Костюмированный бал разума

Костюмированный бал разума

Вик. Ерофеев

Еще вчера неведомая нашему читателю Маргерит Юрсенар (род. в 1903 г.) благодаря вышедшему в издательстве «Радуга» сборнику обретает у нас статус «мастера современной прозы», «крупнейшей, — как сказано в аннотации к книге, — современной французской писательницы», и эта метаморфоза столь же закономерна, сколь и стремительна. Почему книга откладывалась, другой вопрос. Лучше удивимся богатству воображения, исторической эрудиции, масштабности мысли и языку, в котором чувствуется ностальгия по высоким образцам XVIII века, — всем тем достоинствам, что в 1954 году привели в восторг Томаса Манна: «В настоящий момент (с некоторым опозданием) я нахожусь под впечатлением «Воспоминаний Адриана», написанных Юрсенар, этой поэтической, полной ума книги, которая пленила меня, как никакая другая за долгое время...» Свидетельство, несомненно, особенно дорогое для самой Юрсенар, исследовательницы и последовательницы немецкого мастера, нашедшей свое призвание в сложном жанре историко-философского романа.

Не слишком ли тяжелый груз взвалила на свои плечи эта загадочная особа: бельгийка по рождению, француженка по языку, американка по месту жительства (на безлюдном островке в США)? Женское ли это дело: быть писателем, философом и историком одновременно? Юрсенар справилась с честью и была оценена по достоинству: это первая в истории женщина, ставшая членом Французской академии «бессмертных». Что помогло писательнице справиться с творческой задачей, на что именно смогла Юрсенар опереться, решая ее?

Юрсенар начала печататься еще до войны, сейчас она работает над последним томом автобиографической трилогии «Лабиринт мира». Романы, вошедшие в рецензируемый сборник, являются в ее творчестве центральными.

Время, в которое писались «Воспоминания Адриана», в значительной степени определило тематику этого необычного романа, представляющего собой, по удачному определению Мишеля Турнье, «автожитие» римского императора Адриана, просвещенного самодержца, перед смертью взявшегося — здесь прямо скажем: по воле Маргерит Юрсенар — за перо, чтобы с мудрым спокойствием смертного бога каталогизировать свое представление о мире с назидательной целью.

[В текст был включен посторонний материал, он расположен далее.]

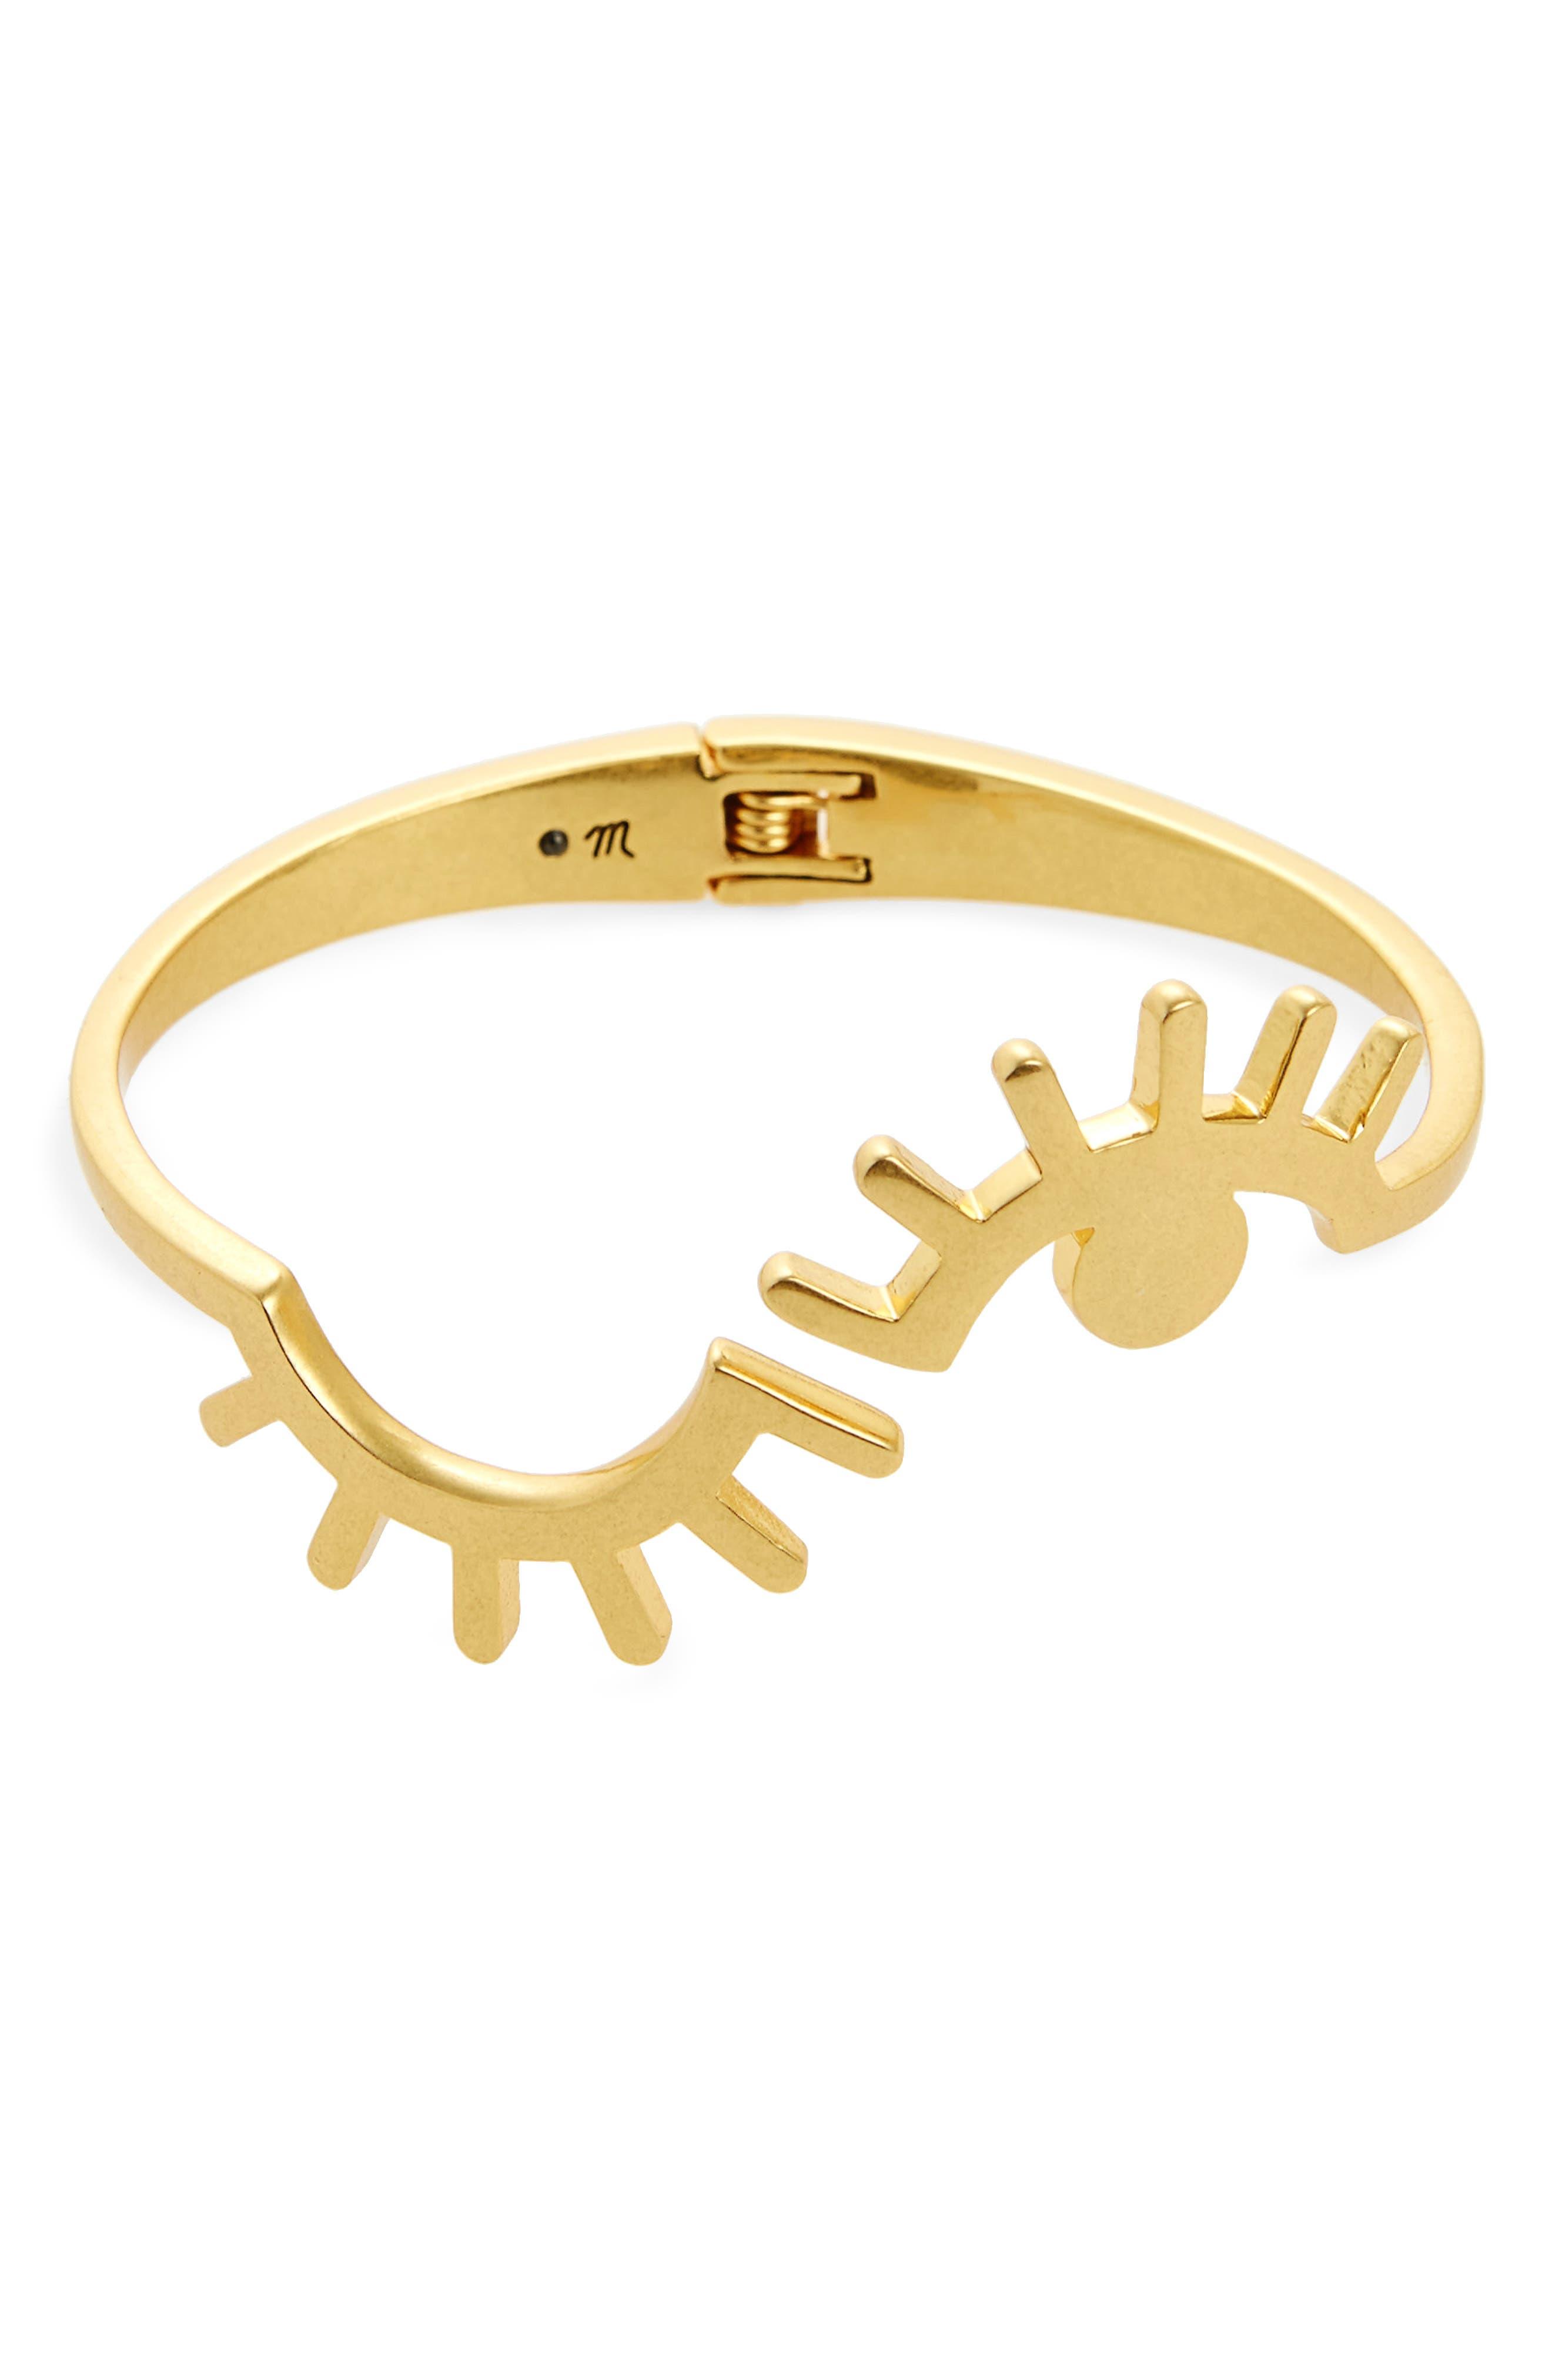 Looker Hinge Cuff Bracelet,                             Main thumbnail 1, color,                             Vintage Gold

Дидактический элемент первичен, он движет рукой императора: воспоминания обращены к его преемнику, Марку Аврелию, и порой трудно отделаться от мысли, что это скорее не воспоминания, а руководство к действию.

Встреча времен, просветленный миг единения наступает тогда, когда читатель постигает дидактический пафос императора: его миролюбчество. Император, поставивший во главу угла своей политики воздержание от войн, повелевший выбить на монетах с собственным профилем три слова, это поразительное «воспоминание о будущем»: «Гуманность — счастье — свобода», — получил у Юрсенар право голоса в исторический момент, следовавший за самой чудовищной из мировых войн. «Гуманистический комплекс» послевоенных лет, как раскаяние охвативший Западную Европу, с запоздалой враждебностью реагировал на опасные игры нигилизма и тоталитаризма в литературе: писатели озаботились поисками положительного героя, борца с эпидемией. Вслед за Камю, нашедшим своего доктора Рье, что написал хронику им же возглавленной борьбы с чумой, Юрсенар предложила читателям историческую фигуру императора-санитара.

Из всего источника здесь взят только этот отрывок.